Kenapa love and hate relationship?

Saya seorang praktisi Public Relations, yang berawal dari seorang jurnalis juga. Tahu, kan, bagaimana hubungan kedua profesi itu? Ya, saling membutuhkan. Tetapi kadang bisa jadi boomerang saat berada di posisi sebagai social media personality.


Nah, awal 2015 nama saya sempat jadi bulan-bulanan berita ngawur akibat pers, media online & cetak, yang terlalu malas konfirmasi berita kepada saya atau malas belajar pahami cara kerja social media, soal apa itu istilah repath, retweet, quoted tweet (tentang kasus restaurant, if you know what I mean).

Saya pernah jadi jurnalis. Bukankah tugas dasar jurnalis itu bertanya untuk menemukan fakta, ya? Bukan sekedar memuat berita yang trendi berdasarkan persepsi semata :(

Saat itu media online-nya sudah parah, memuat tanpa konfirmasi, dan kurang paham socmed, eh media cetaknya, yang memuat sebulan setelah kasus selesai, tanpa update dan konfirmasi pula. Jadilah…sudah terlambat,tidak update, tanpa konfirmasi pula..jadilah…berita salah kaprah!
Bagi media-media itu mungkin sekedar khilaf, bagi saya, itu tercetak seumur hidup dan tak bisa dihapus. Kalau digoogling, berita soal novel saya, atau hasil karya lainnya, tertutup berita sampah :(

Jadi tahu betapa parahnya beberapa (banyak) media di Indonesia. Kurang kredibel. Bukan mencari fakta, hanya mengumpulkan gossip untuk mencari sensasi.

Alhamdulillah yah..sesuatu..kalo kata Syahrini :), pertengahan 2015 – awal 2016 sudah jadi tahun yang menyenangkan banget, banyak media coverage (TV, online, cetak), dari wawancara sebagai blogger, social media personality, sampai (((fotografer))) :)

 Akhirnyaaaa…diakui sebagai fotografer. Hahaha

Ya, Tuhan nggak akan kasih cobaan yang melebihi kemampuan kita, lah ya. Kalau sabar, semua berbalik makin bagus, berlipat ganda :)

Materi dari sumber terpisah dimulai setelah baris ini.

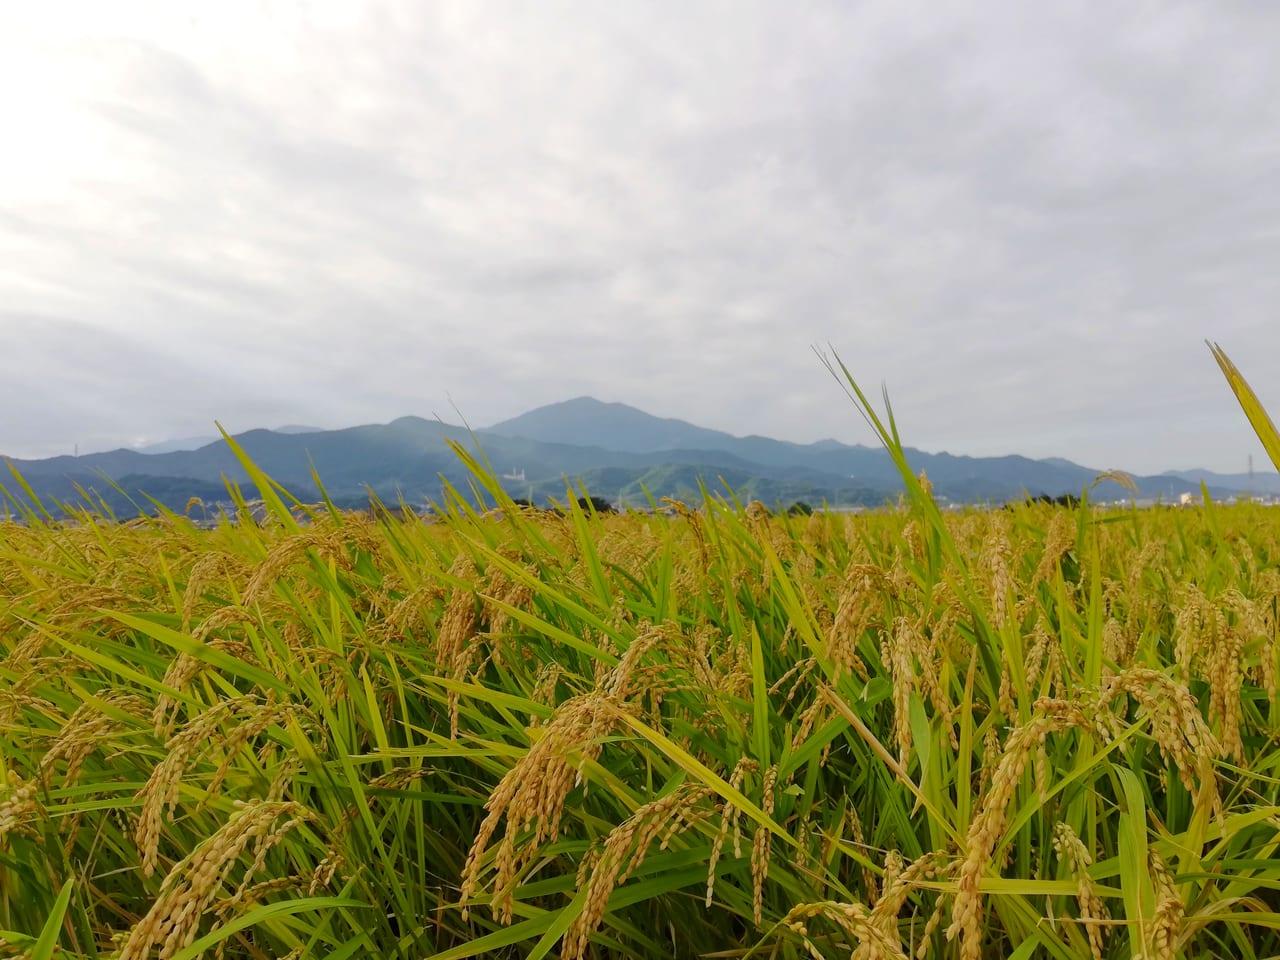 稲刈りシーズン到来!平塚の田んぼは黄金色に輝いています!
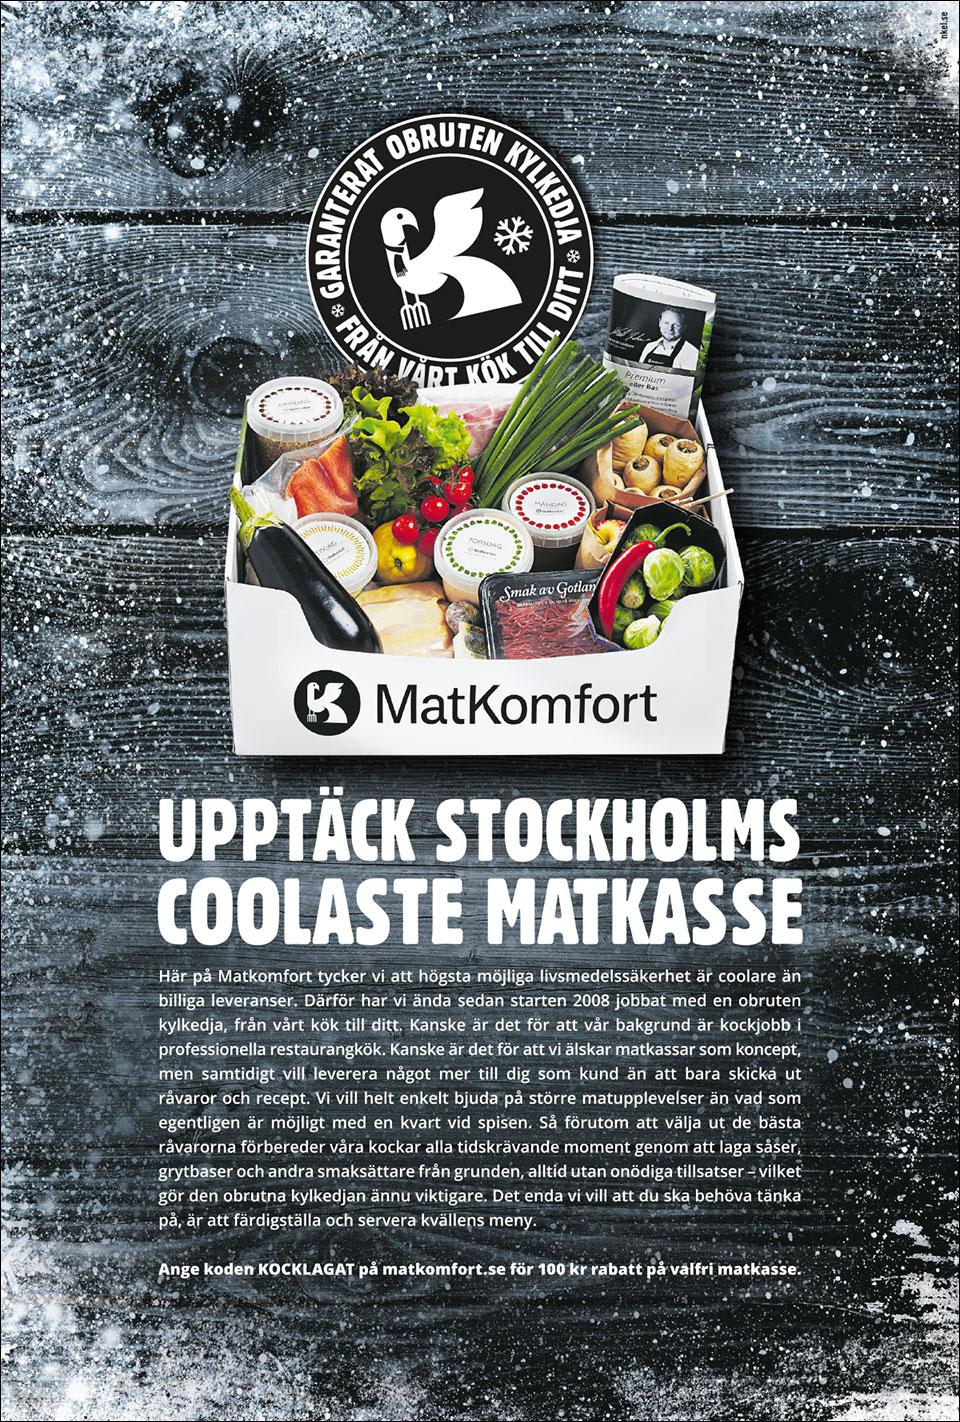 Vår nya kund Matkomfort hade en helsidesannons i Svenska Dagbladet den 6 november 2016

So, selamat Hari Pers Nasional :)
Buat pelaku media, khususnya yang senior, nggak perlu bilang blogger itu instan, tidak profesional, atau apalah. Nggak usah takut kalah pamor. Kredibilitas dan profesionalisme media atau blogger balik lagi ke oknum masing-masing. Baiknya saling membantu, bukan bersaing tak sehat.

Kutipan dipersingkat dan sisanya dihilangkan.